Sea Base, formerly known as Florida National High Adventure Sea Base, is a high adventure program base run by the Boy Scouts of America (BSA) in the Florida Keys. Its counterparts are the Philmont Scout Ranch in northern New Mexico, the Northern Tier National High Adventure Bases in Ely, Minnesota as well as Manitoba and Ontario in Canada, and The Summit Bechtel Family National Scout Reserve near the New River Gorge National Park in southern West Virginia.

The main Sea Base is located in Islamorada, Florida on the end of Lower Matecumbe Key. Other bases include the Brinton Environmental Center located on Summerland Key (which oversees Big Munson Island located 5.5 miles southeast) the Bahamas Sea Base in Marsh Harbour, Abaco, Bahamas, and the USVI Sea Base with locations in St. Thomas.

The Florida Sea Base Conference Center has become an alternative training site to the Philmont Training Center and the Summit Bechtel Reserve. Most conferences it hosts are for professionals or national level committees, but it also hosts conferences for outside groups.

Early history
In 1928, the Sea Base property was the site for the first ferry terminal in the original overseas highway. Cars would board the boat and travel to No Name Key, where the road would continue. The Terminal Lunch stand, later called the Ferry Slip Cafe opened around the same time. In the Early 1930s, the property was known as WPA camp number 3. WPA workers were building a new highway parallel to the Overseas Railroad. The 1935 Labor Day Hurricane changed everything. The entire camp was destroyed in the storm. Most of the workers who lived at the camp were World War I veterans. Many of the workers were being evacuated to Homestead when their rescue train was washed off the tracks on Upper Matecumbe Key. Over 450 people died in the Islamorada area during the hurricane. The evidence of the workers' progress is still evident today. Veterans Key, in front of Sea Base's marina, is a man-made island made for a highway right-of-way. 8 bridge pilings protrude out of the water about a quarter of a mile west of veterans Key, for a bridge that was to connect Lower Matecumbe Key and Jewfish Bush Key and was never built.

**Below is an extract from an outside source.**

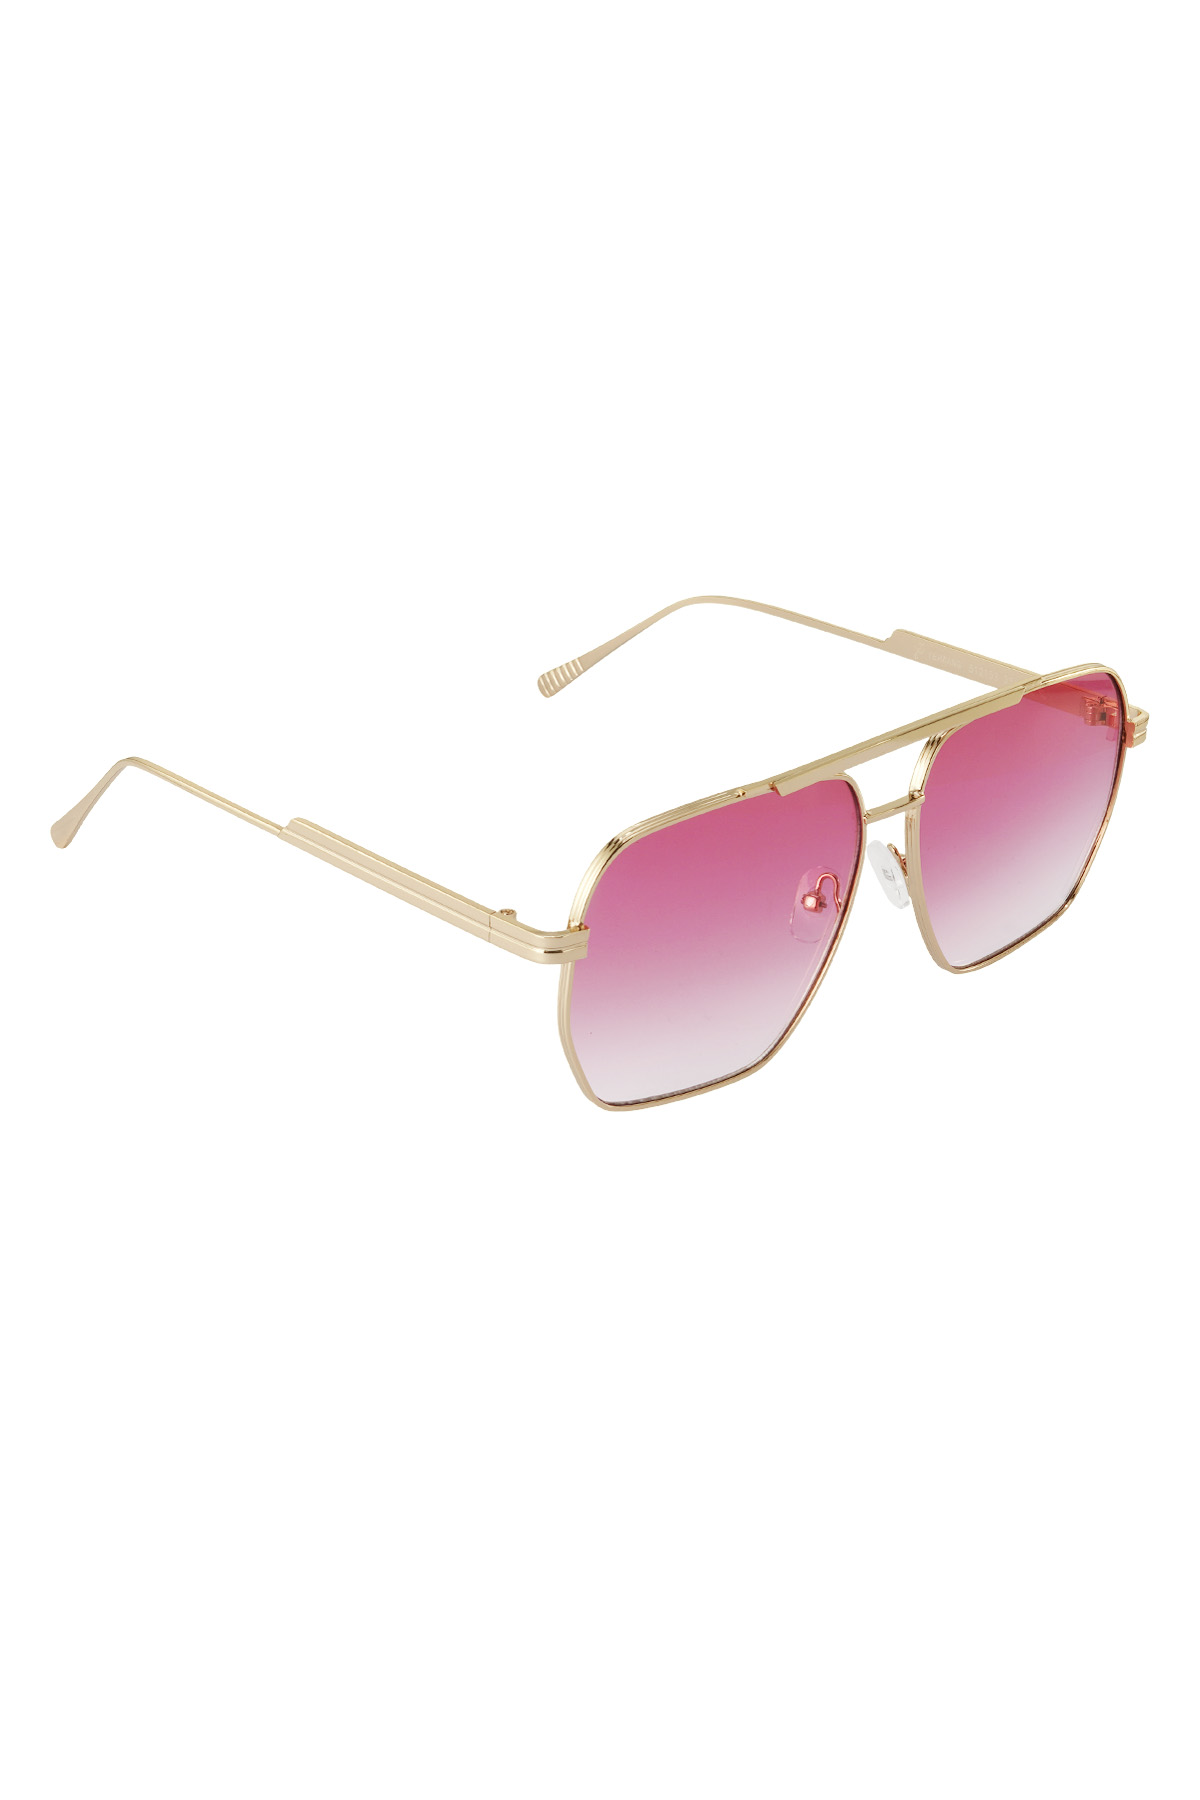 Sommersonnenbrille aus Metall – Rosa und Gold

The new Overseas Highway completed in 1938, included a toll house on the current location of Sea Base's commissary. The toll was removed in 1954. The Ferry Slip Cafe became the Toll Gate Inn and it was owned by local shark fisherman, Wynn Tyler. The Toll Gate Inn was a 10-room motel, a bar, restaurant, marina, and gas station. The marina was dredged in the early 1950s, at the same time that most of the canals in Lower Matecumbe Key were dredged out.

New beginning
In 1974 a handful of volunteers from Miami, Florida and Atlanta, Georgia came together to develop a high adventure program using the waters in and around the Florida Keys as their foundation. The BSA National High Adventure chairman, John R Donnell Sr, asked the then Camping Director of the South Florida Council, Sam Wampler, to coordinate trips to Freeport in The Bahamas. Sam, using his station wagon and a warehouse, operated this program until 1979. The original Florida Gateway High Adventure committee members were Paul Benedum, John R Donnell Sr., Spurgeon Gaskin, Ernie Jamison, and chairman Charlie Topmiller. In 1977 over 700 participants were in the program, urging the Florida Gateway committee to look for a permanent location for a camp. Under Wampler's leadership, the National Council received a 1.3-million-dollar grant from the Fleischmann Foundation. Following some extensive research, the Old Toll Gate Motel and Marina and  was purchased in 1979 at a cost of $800,000. The remaining $500,000 was used to construct the sailing dorms, the quarterdeck, general manager's residence, to repair to the T-dock, purchase a SCUBA compressor, and renovate the restaurant to a dining hall and office.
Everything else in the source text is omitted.